== Segment start ==

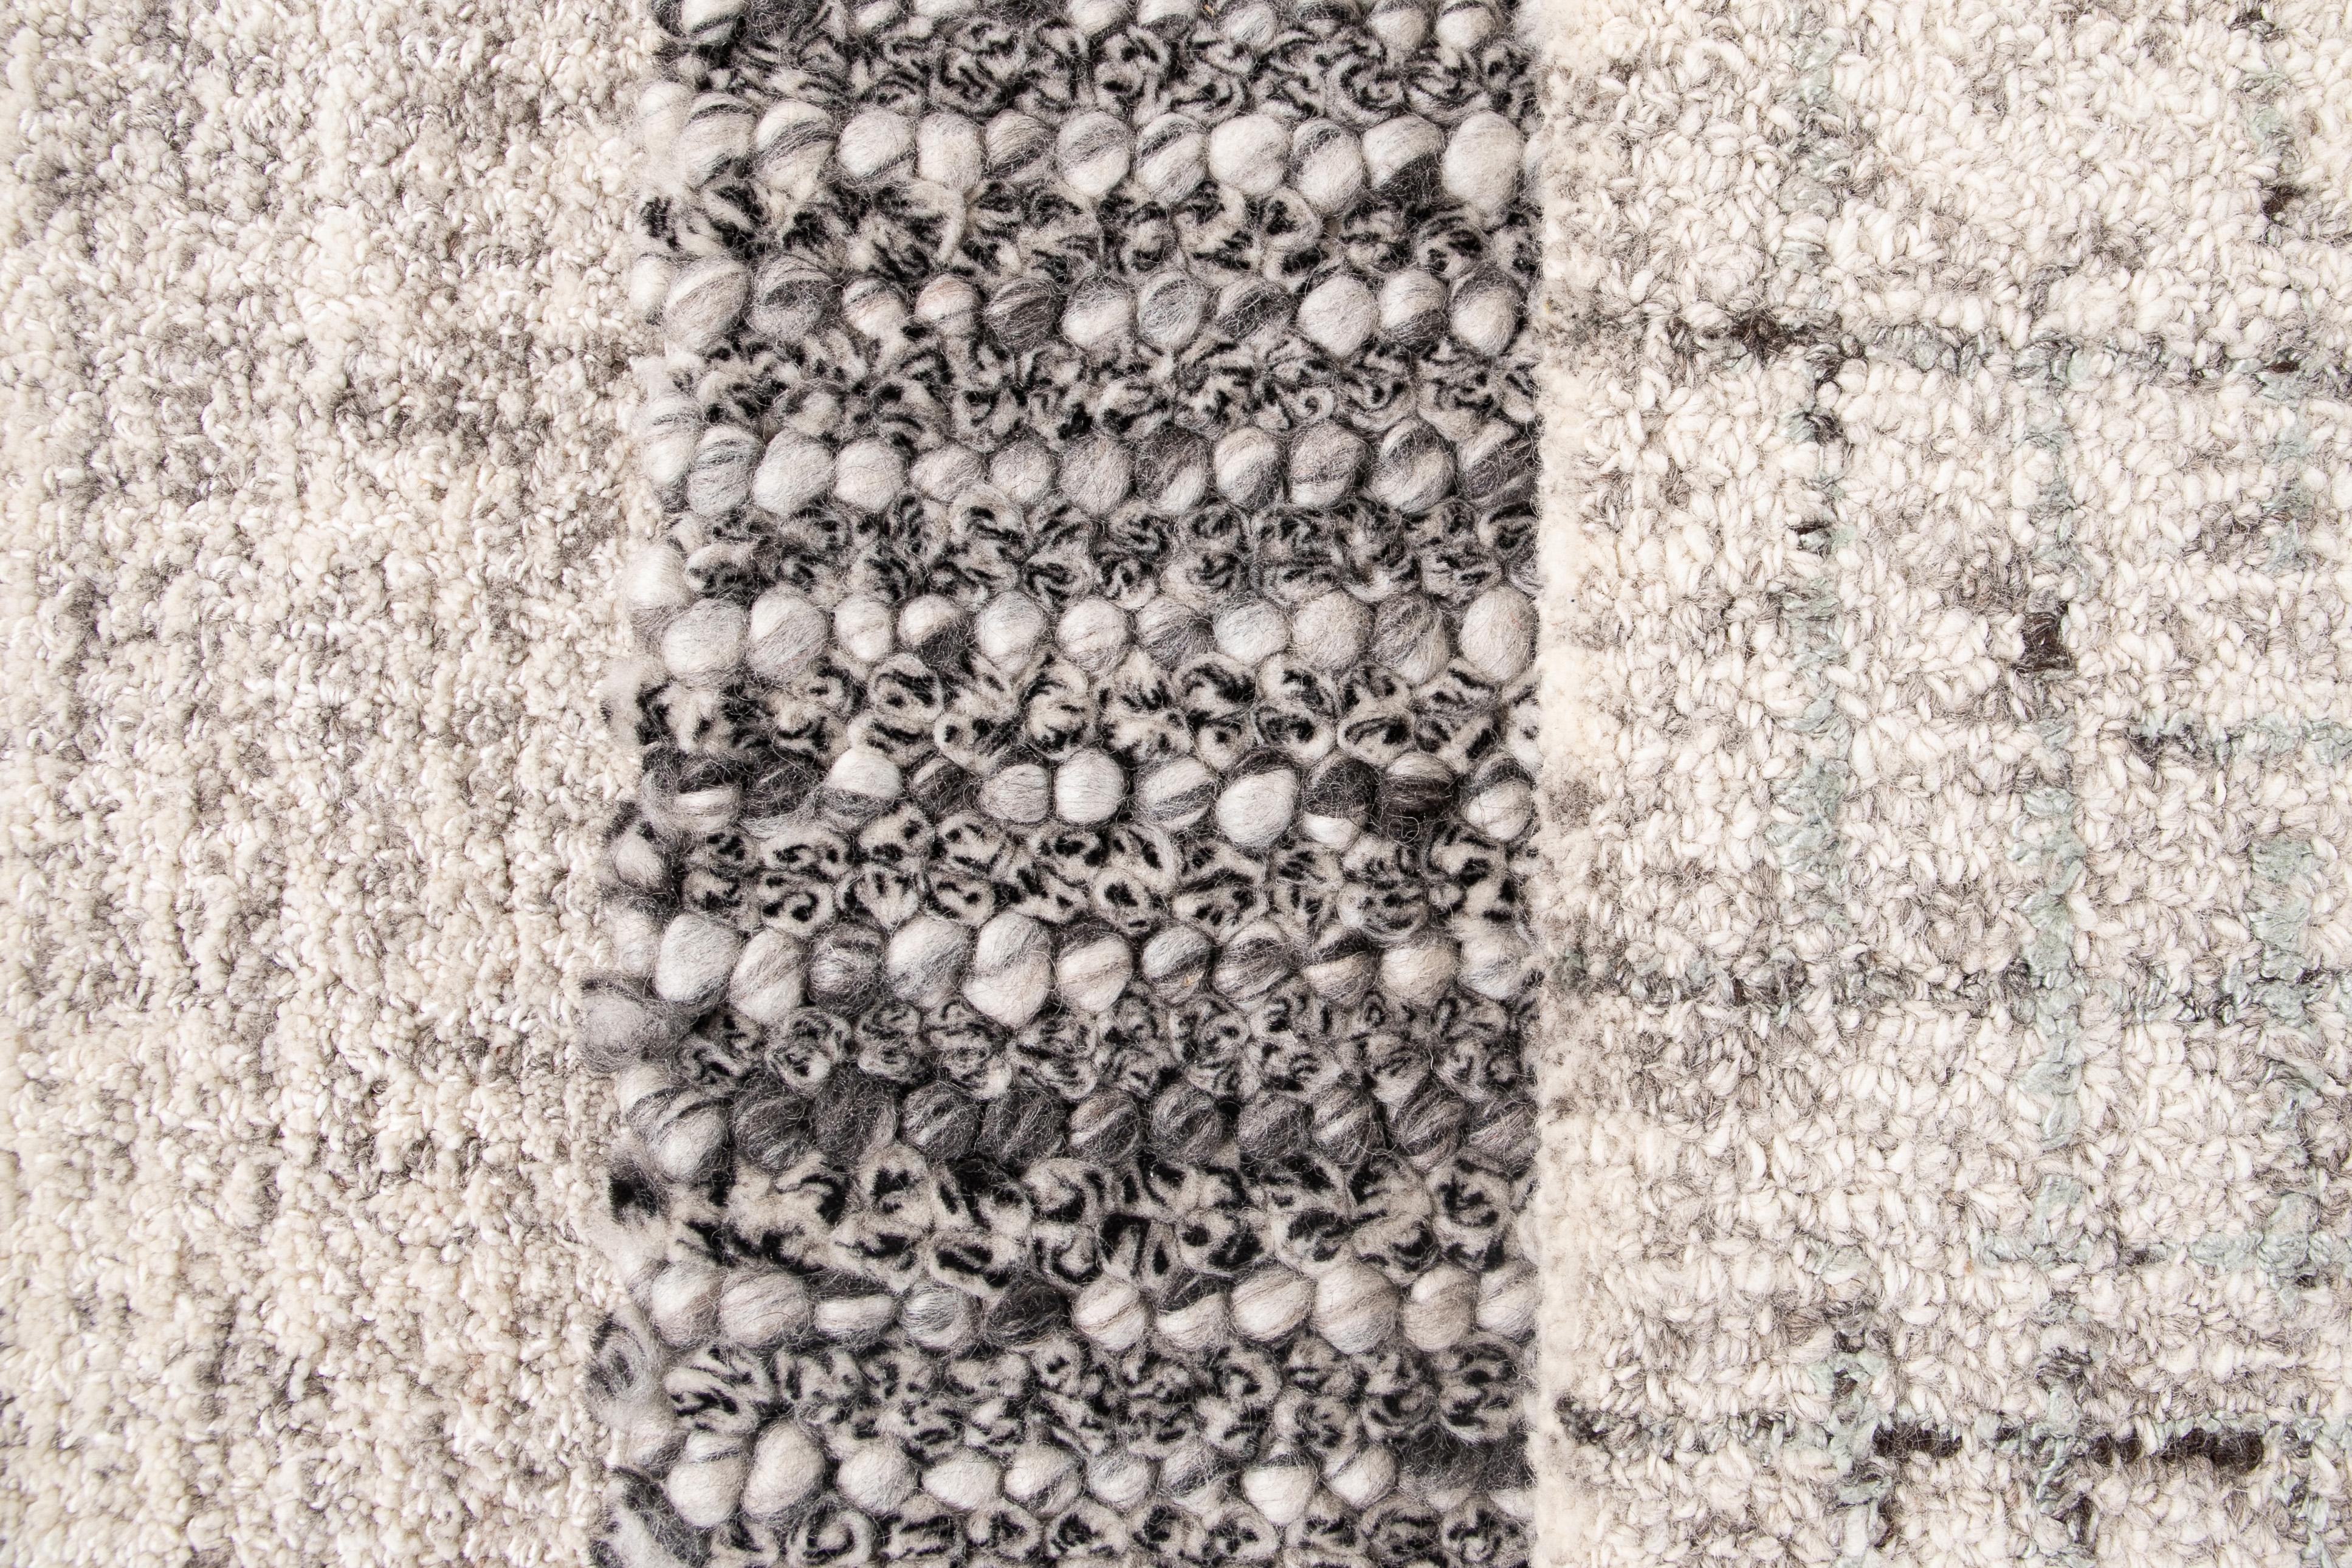 Hand knotted 100% wool custom rug. Custom sizes and colors made-to-order.

Collection: Westport
Material: Wool
Lead time: Approximate 12-15 weeks depending on size
Available colors: As shown.

Price listed is for an 8' x 10' rug.
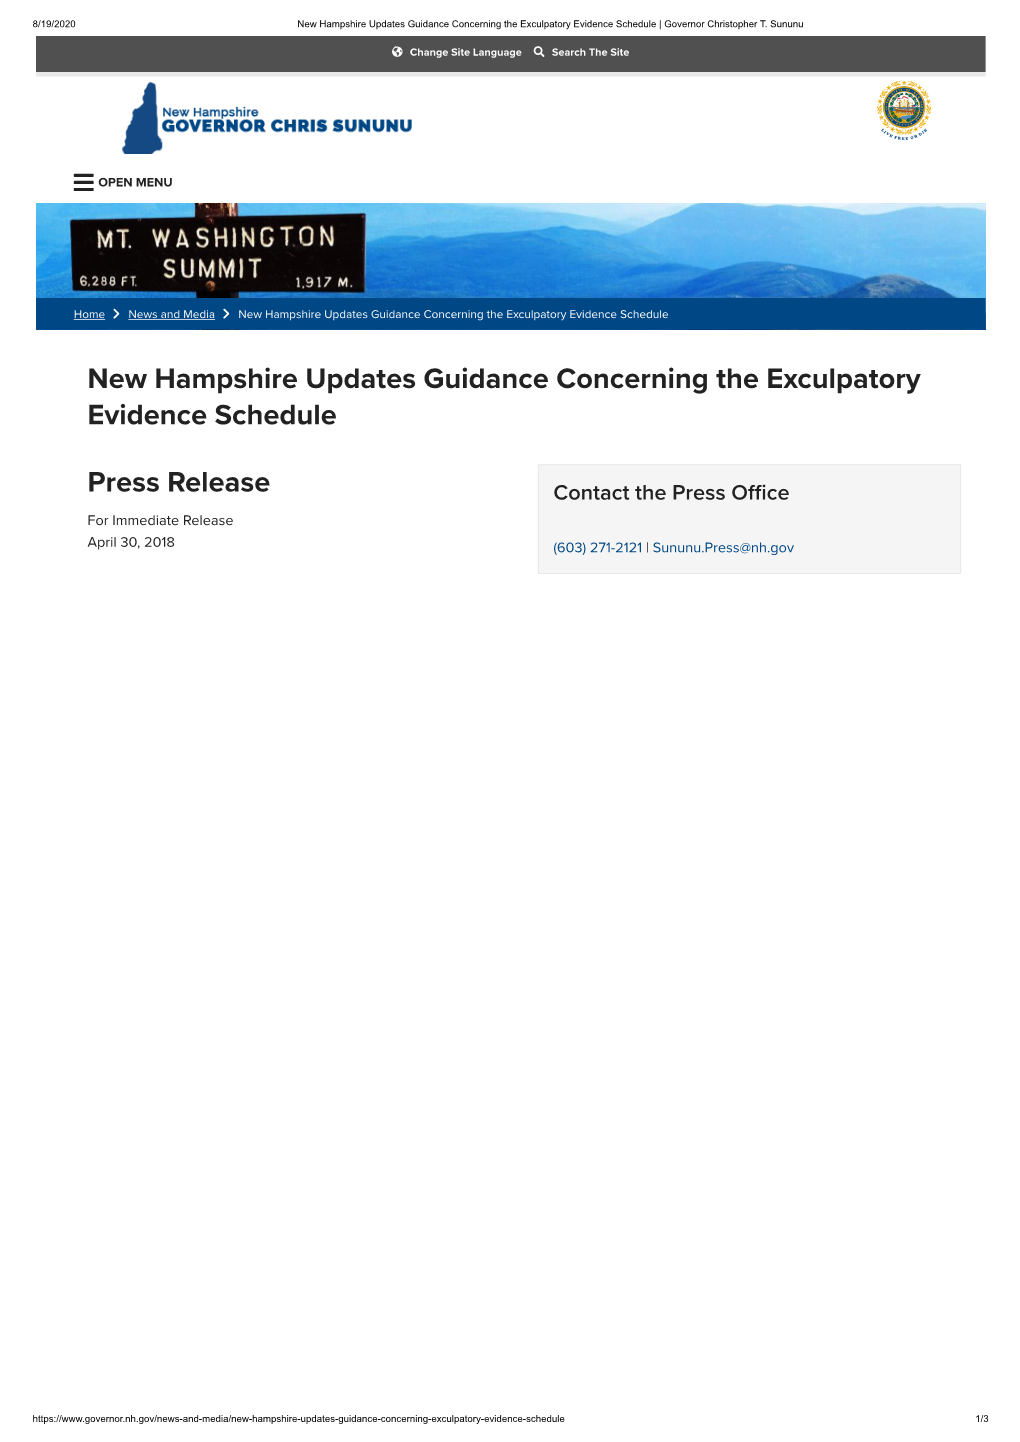 New Hampshire Updates Guidance Concerning the Exculpatory Evidence Schedule | Governor Christopher T. Sununu
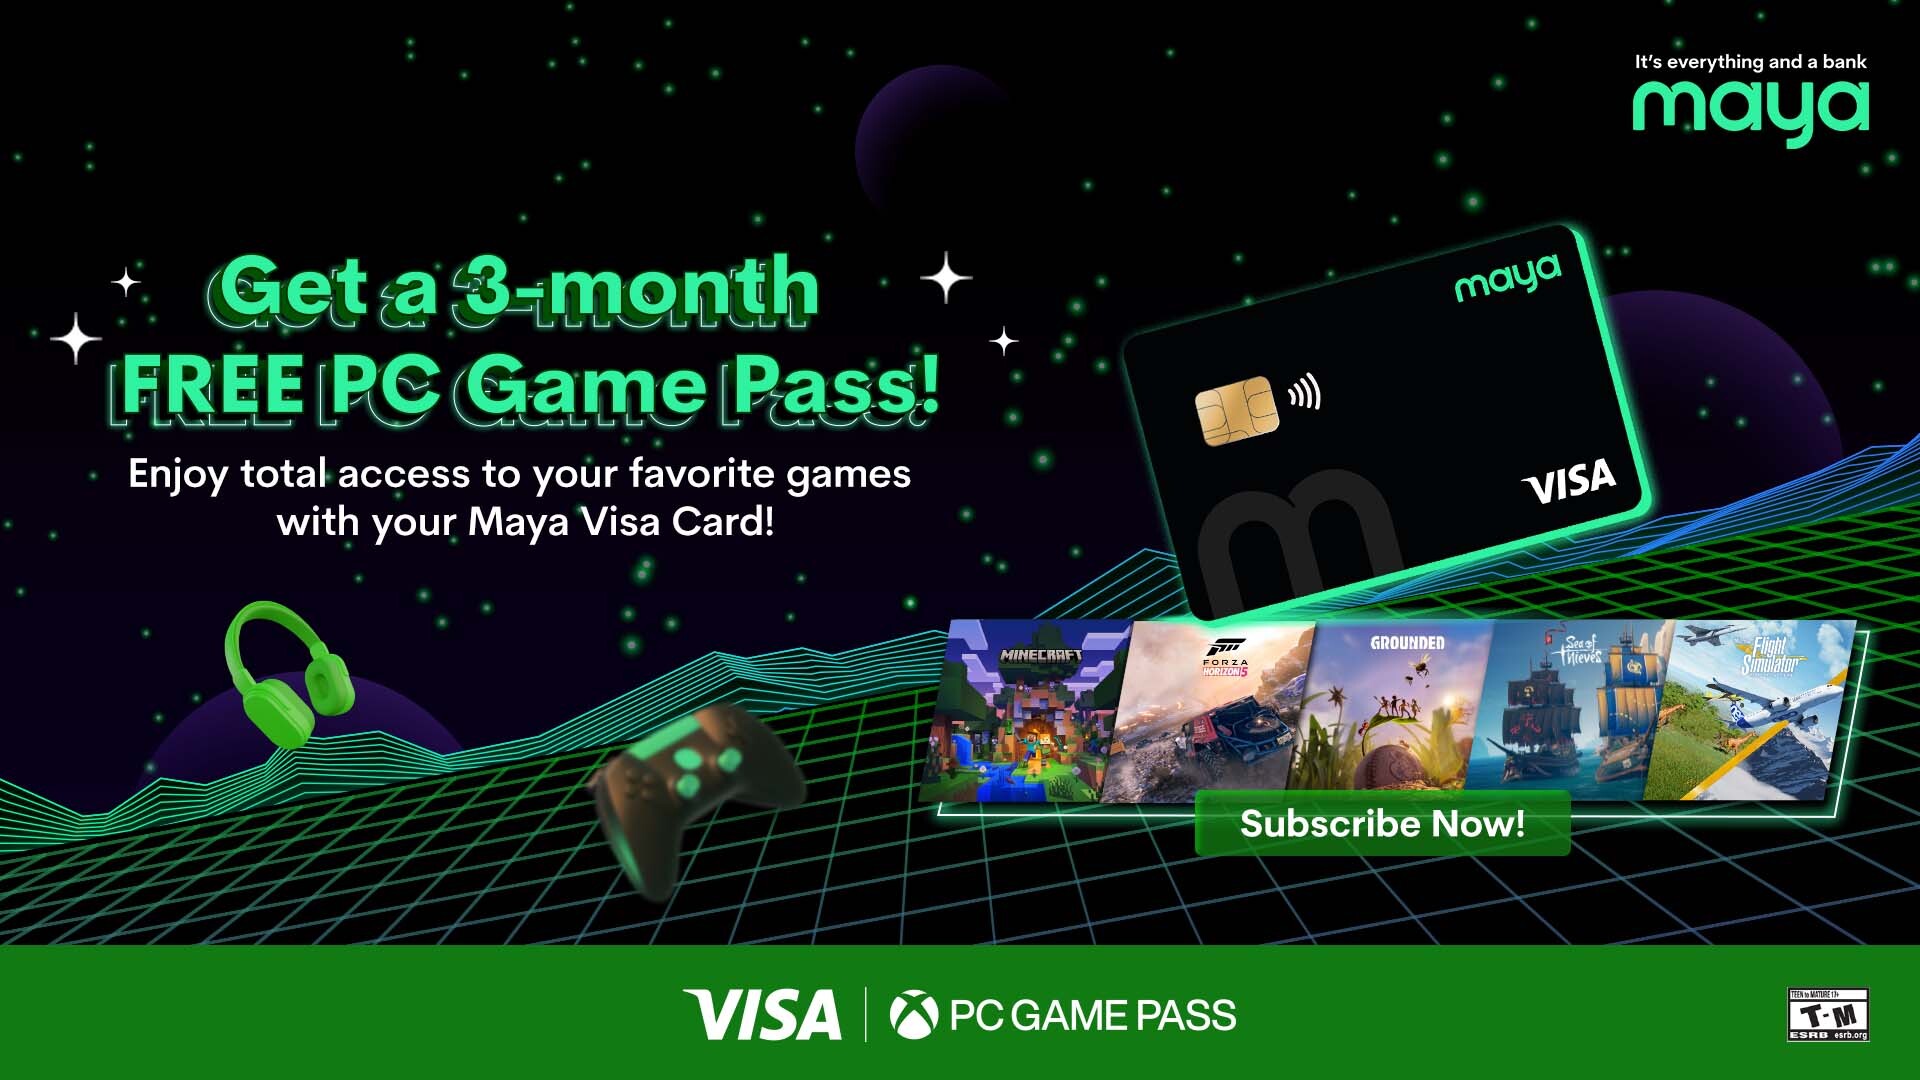 Get a 3 months FREE PC Game Pass subscription with Maya Visa card!
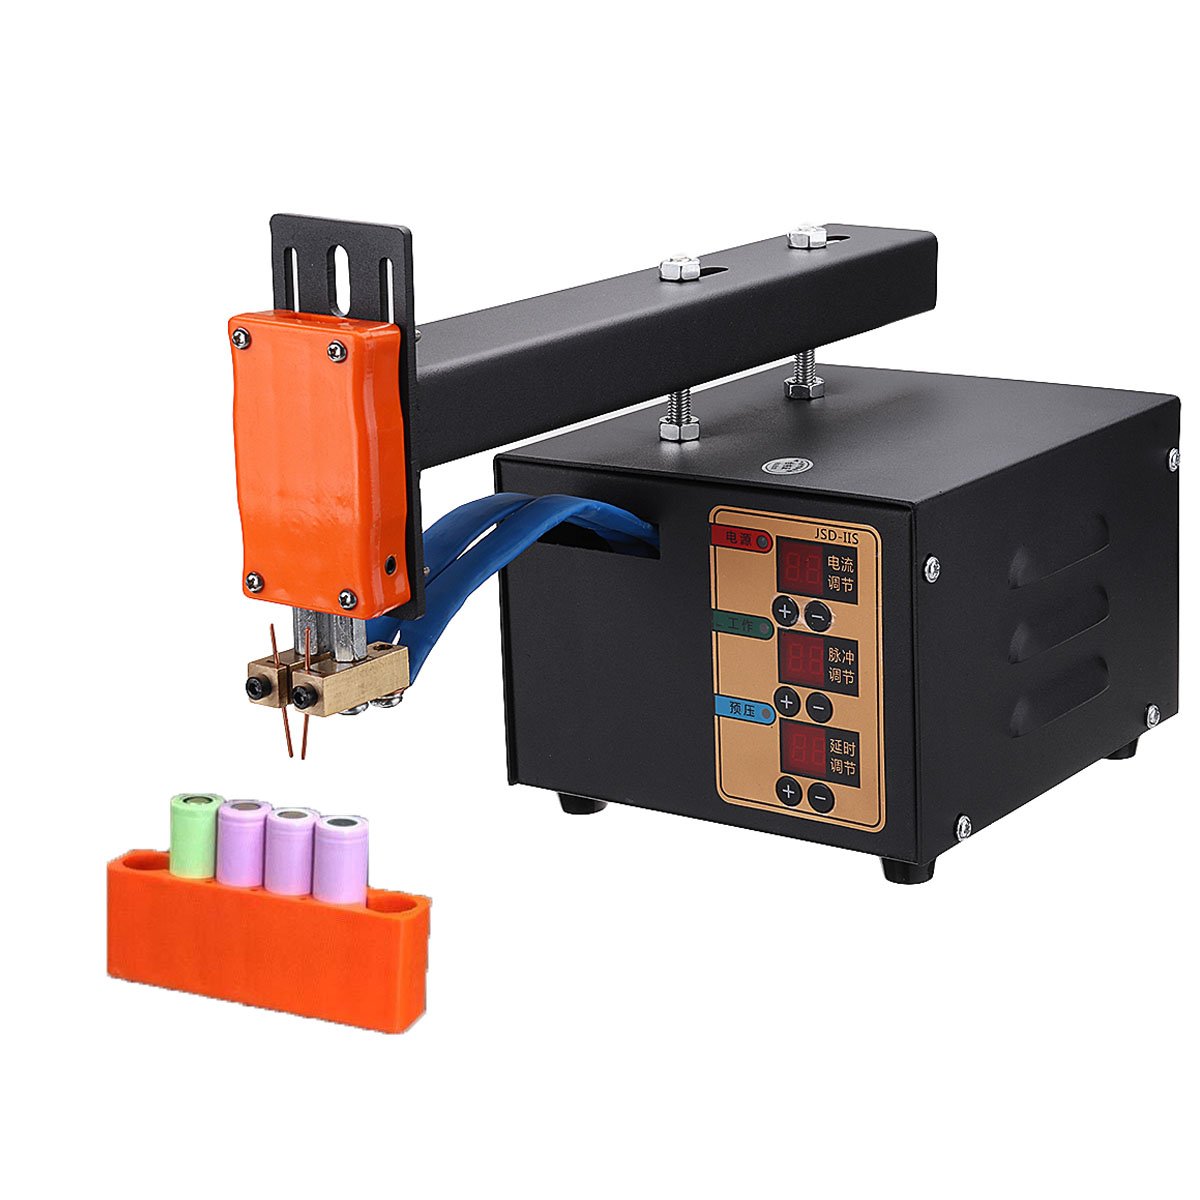 220V 3KW Battery Spot Welding Machine Extended Arm Welding Machine with Pulse & Current Display 1

== Segment end ==

How to complete this task — Word for word, please, restate the lines of the listing from the one holding "Price listed is for an 8' x 10' rug." down to the last line, leaving out any pictures.

Output —
Price listed is for an 8' x 10' rug.
 New Hampshire Updates Guidance Concerning the Exculpatory Evidence Schedule | Governor Christopher T. Sununu
 Get a 3 months FREE PC Game Pass subscription with Maya Visa card!
 220V 3KW Battery Spot Welding Machine Extended Arm Welding Machine with Pulse & Current Display 1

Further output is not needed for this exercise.